■ **AVAILABLE DATA**:
****************************************

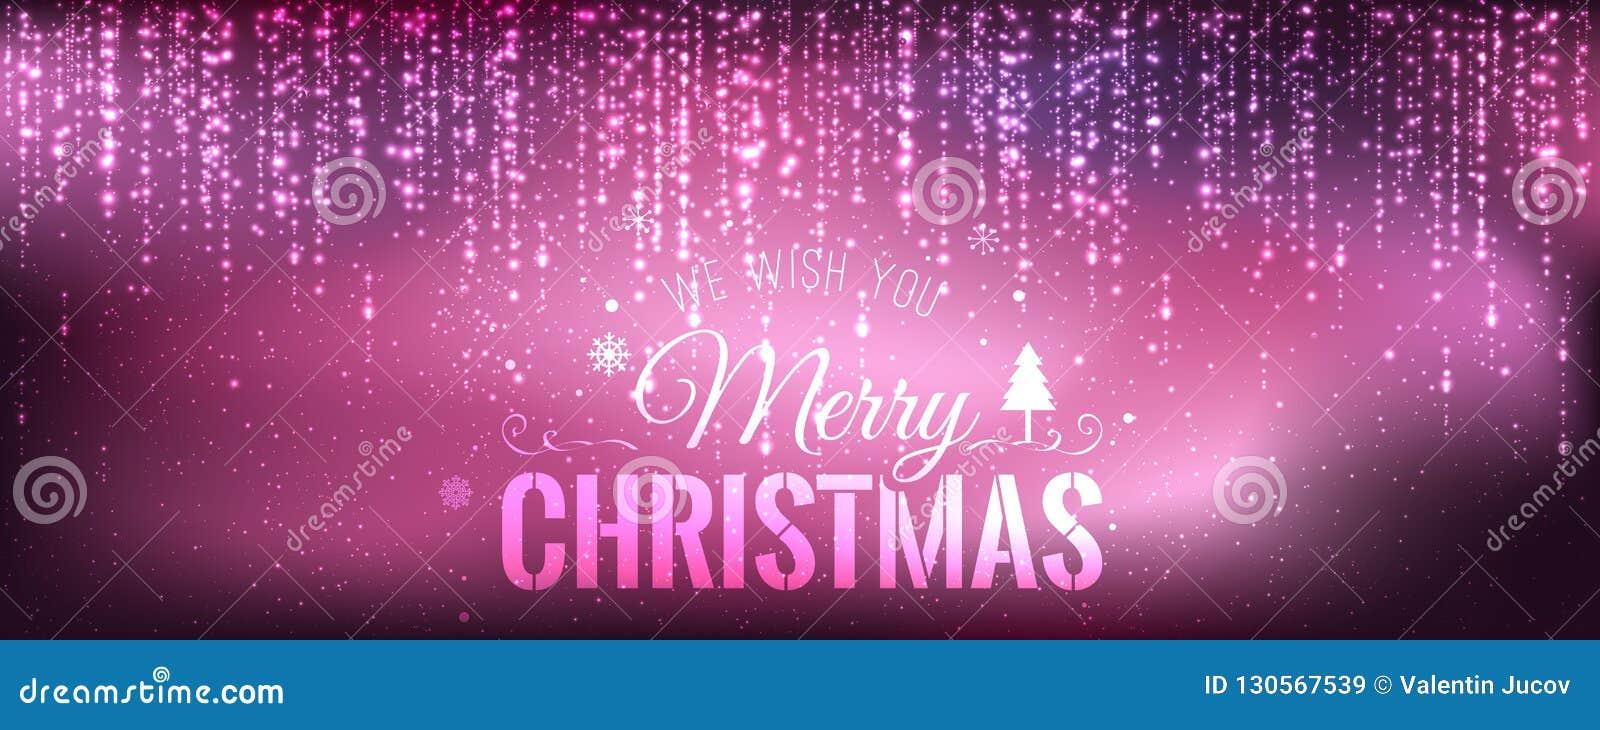 Χριστούγεννα και νέο έτος τυπογραφικά στο πορφυρό υπόβαθρο με την ανάφλεξη, φως, αστέρια
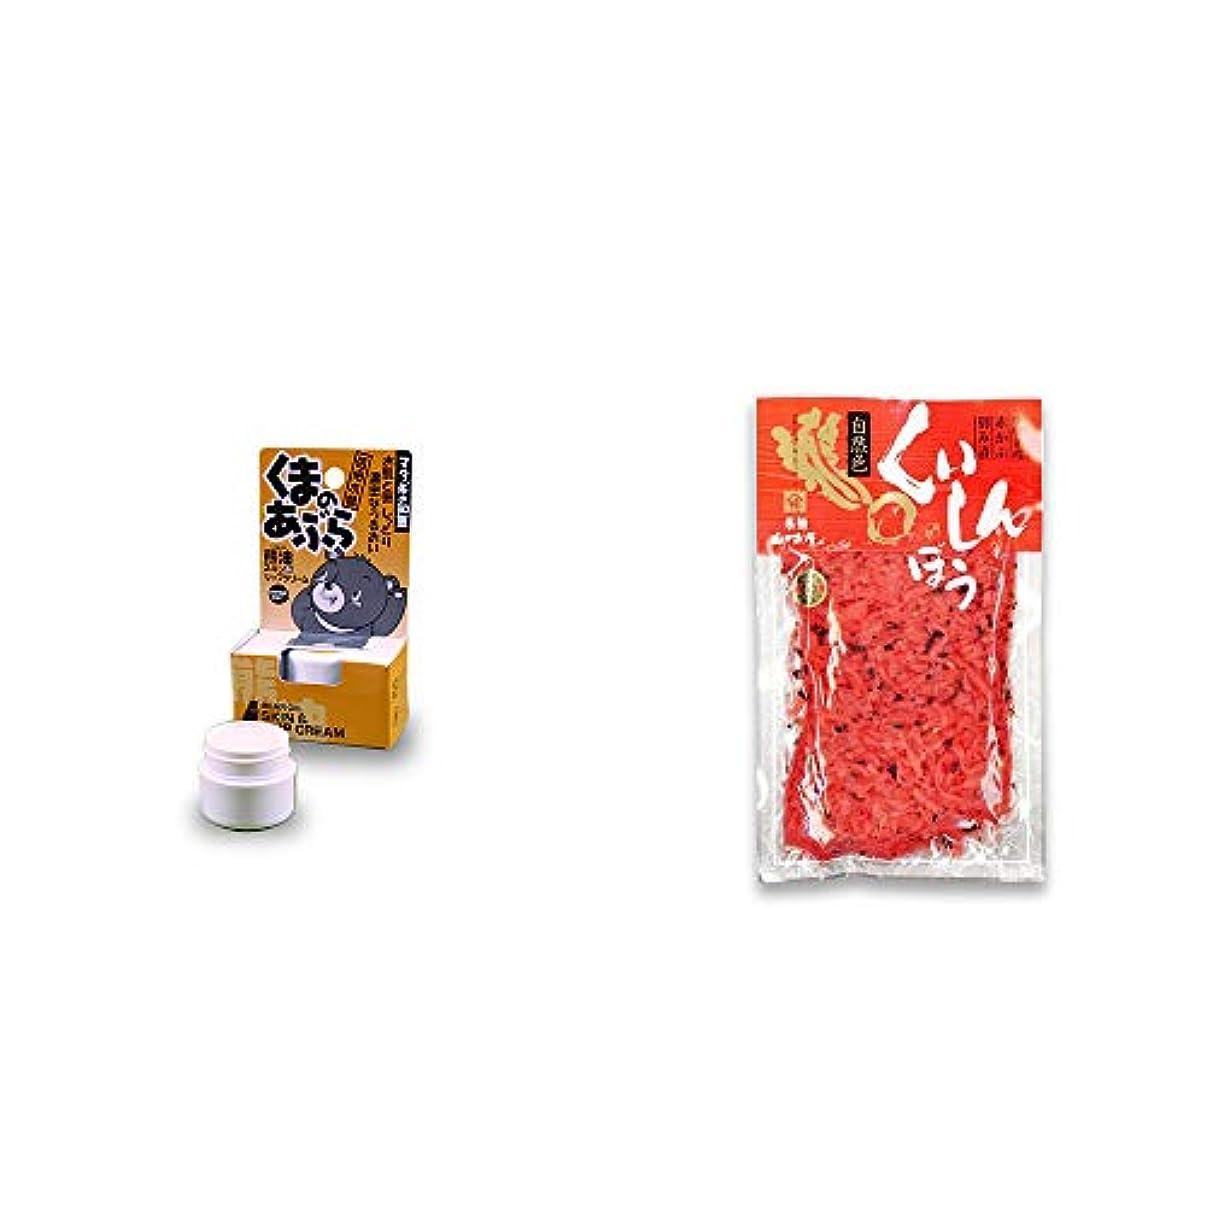 指定する忠実グレートバリアリーフ[2点セット] 信州木曽 くまのあぶら 熊油スキン&リップクリーム(9g)?飛騨山味屋 くいしんぼう【大】(260g) [赤かぶ刻み漬け]
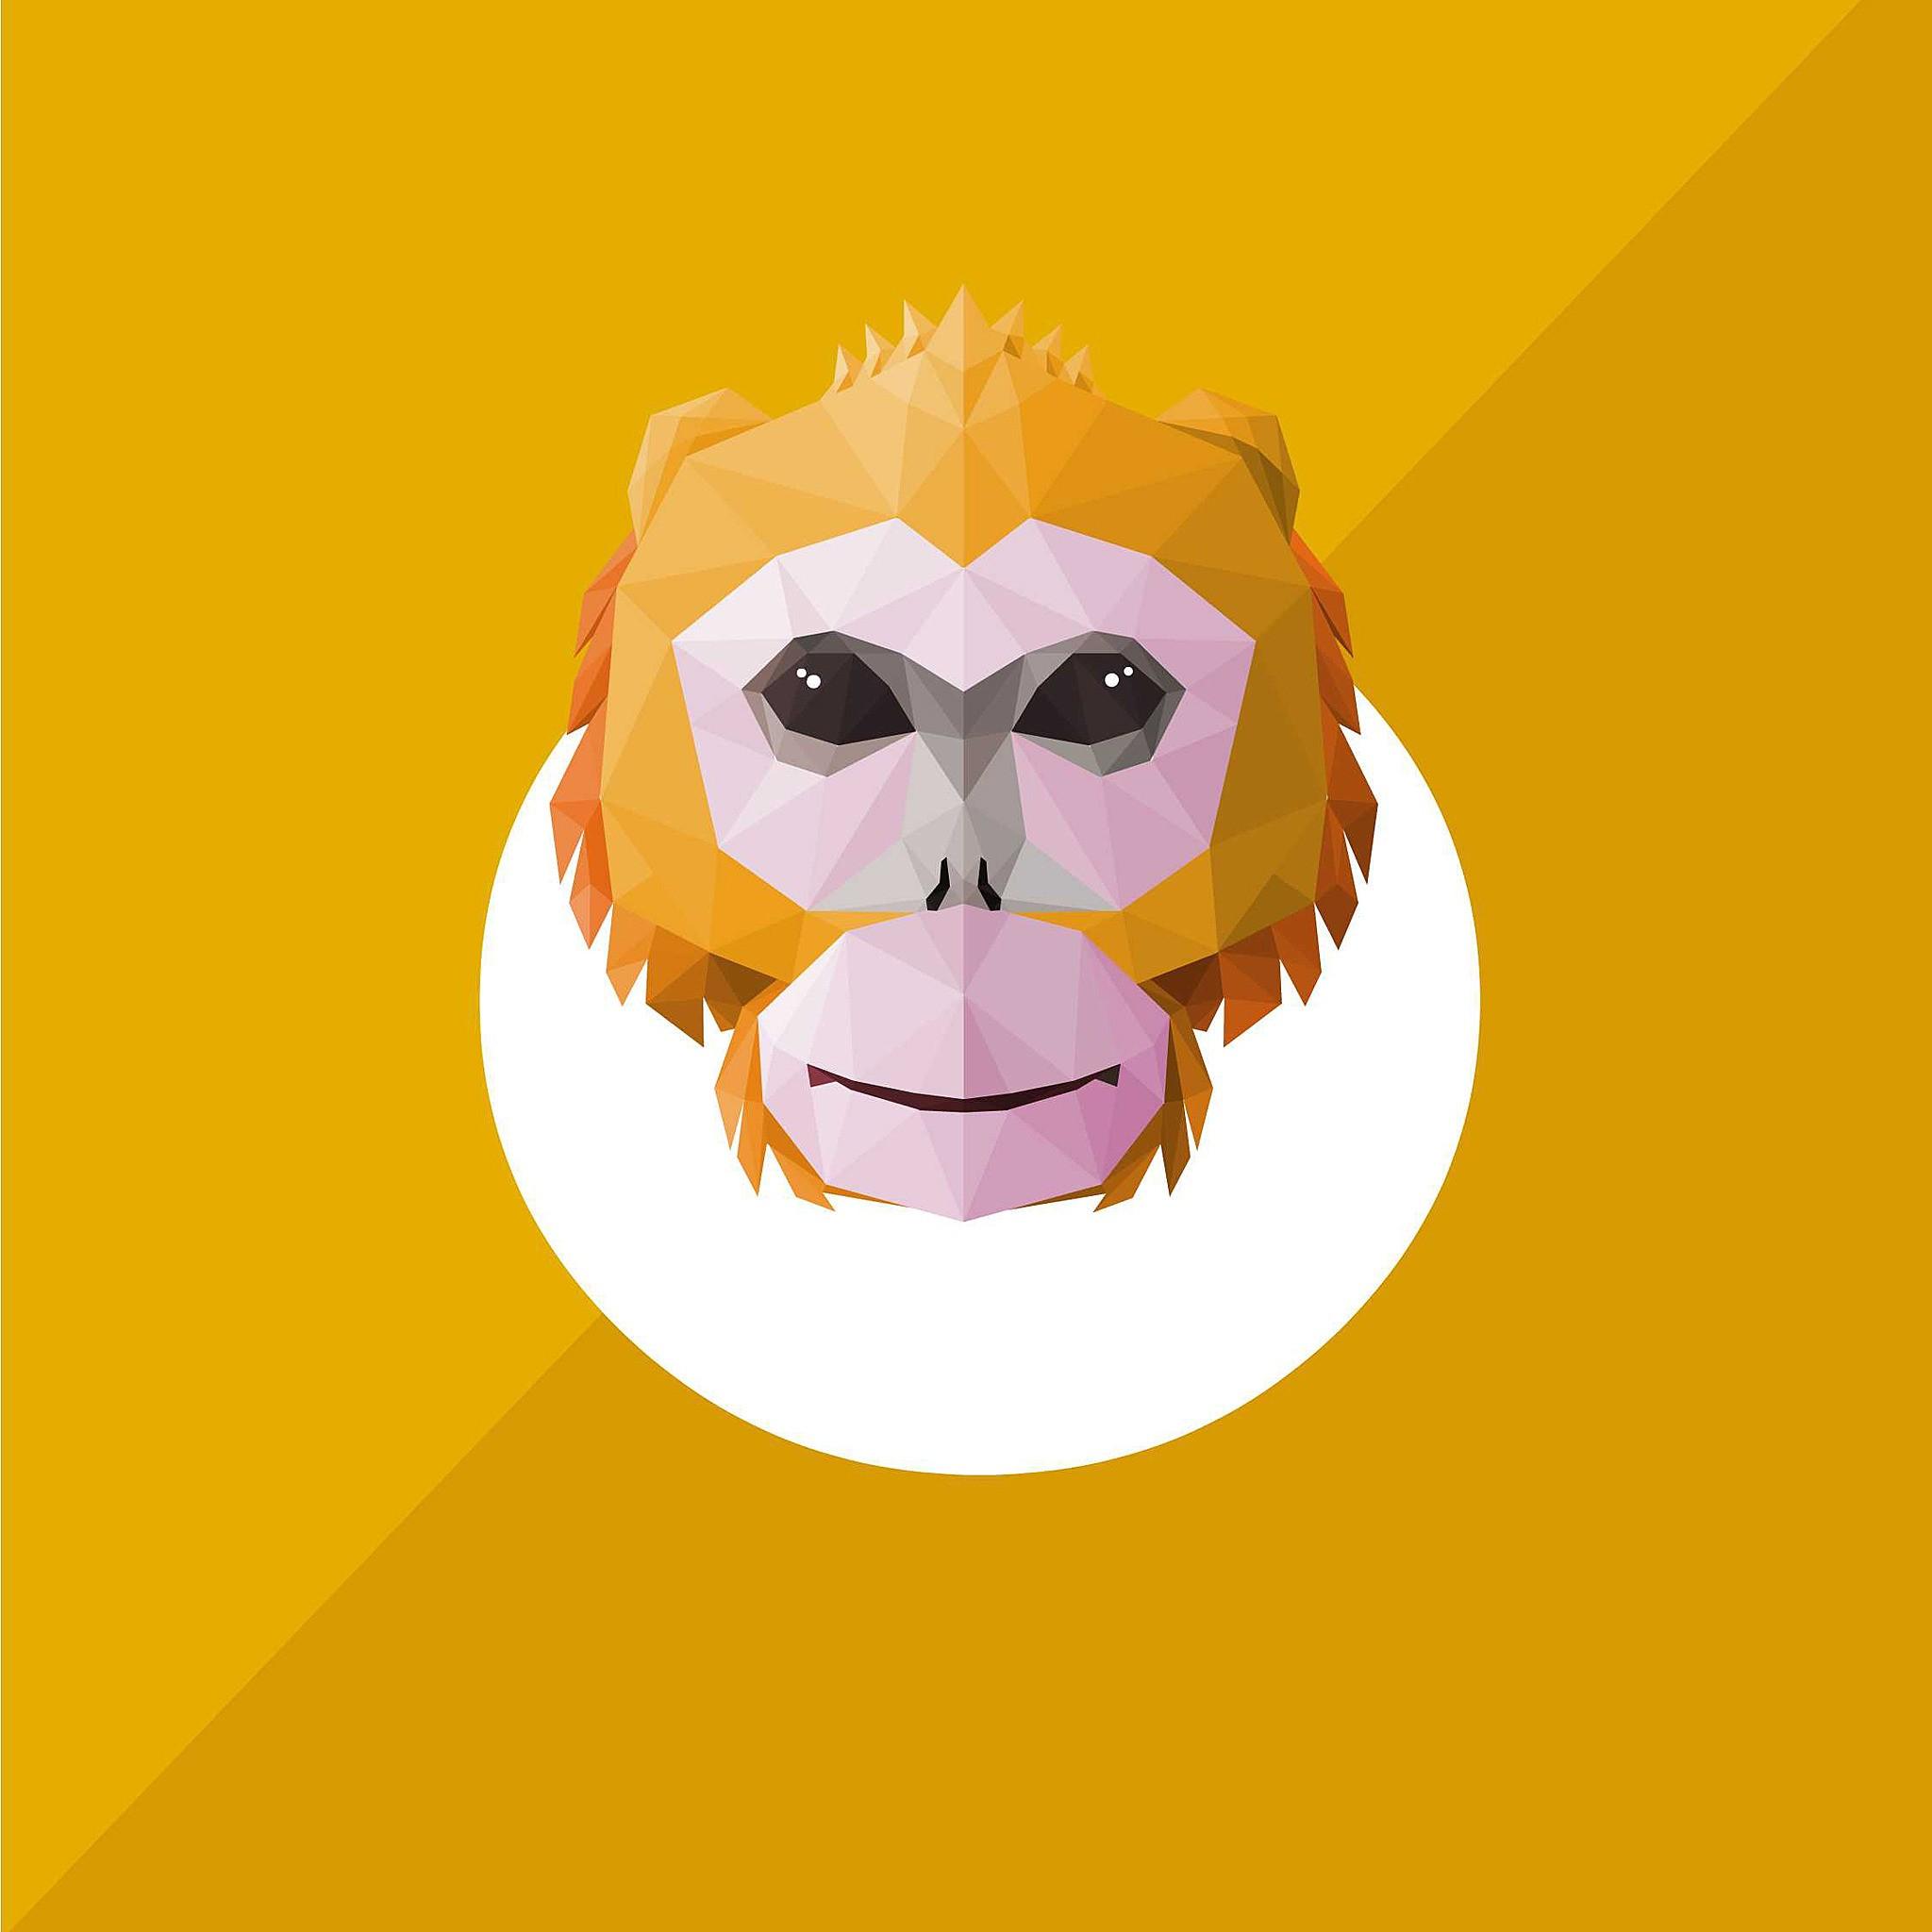 十二生肖3-猴,中国最著名的动物

****************************************

Give back the material word for word, leaving out its pictures.

■ **RESULT OF THE EXERCISE**:
 Χριστούγεννα και νέο έτος τυπογραφικά στο πορφυρό υπόβαθρο με την ανάφλεξη, φως, αστέρια
 指定する忠実グレートバリアリーフ[2点セット] 信州木曽 くまのあぶら 熊油スキン&リップクリーム(9g)?飛騨山味屋 くいしんぼう【大】(260g) [赤かぶ刻み漬け]
 十二生肖3-猴,中国最著名的动物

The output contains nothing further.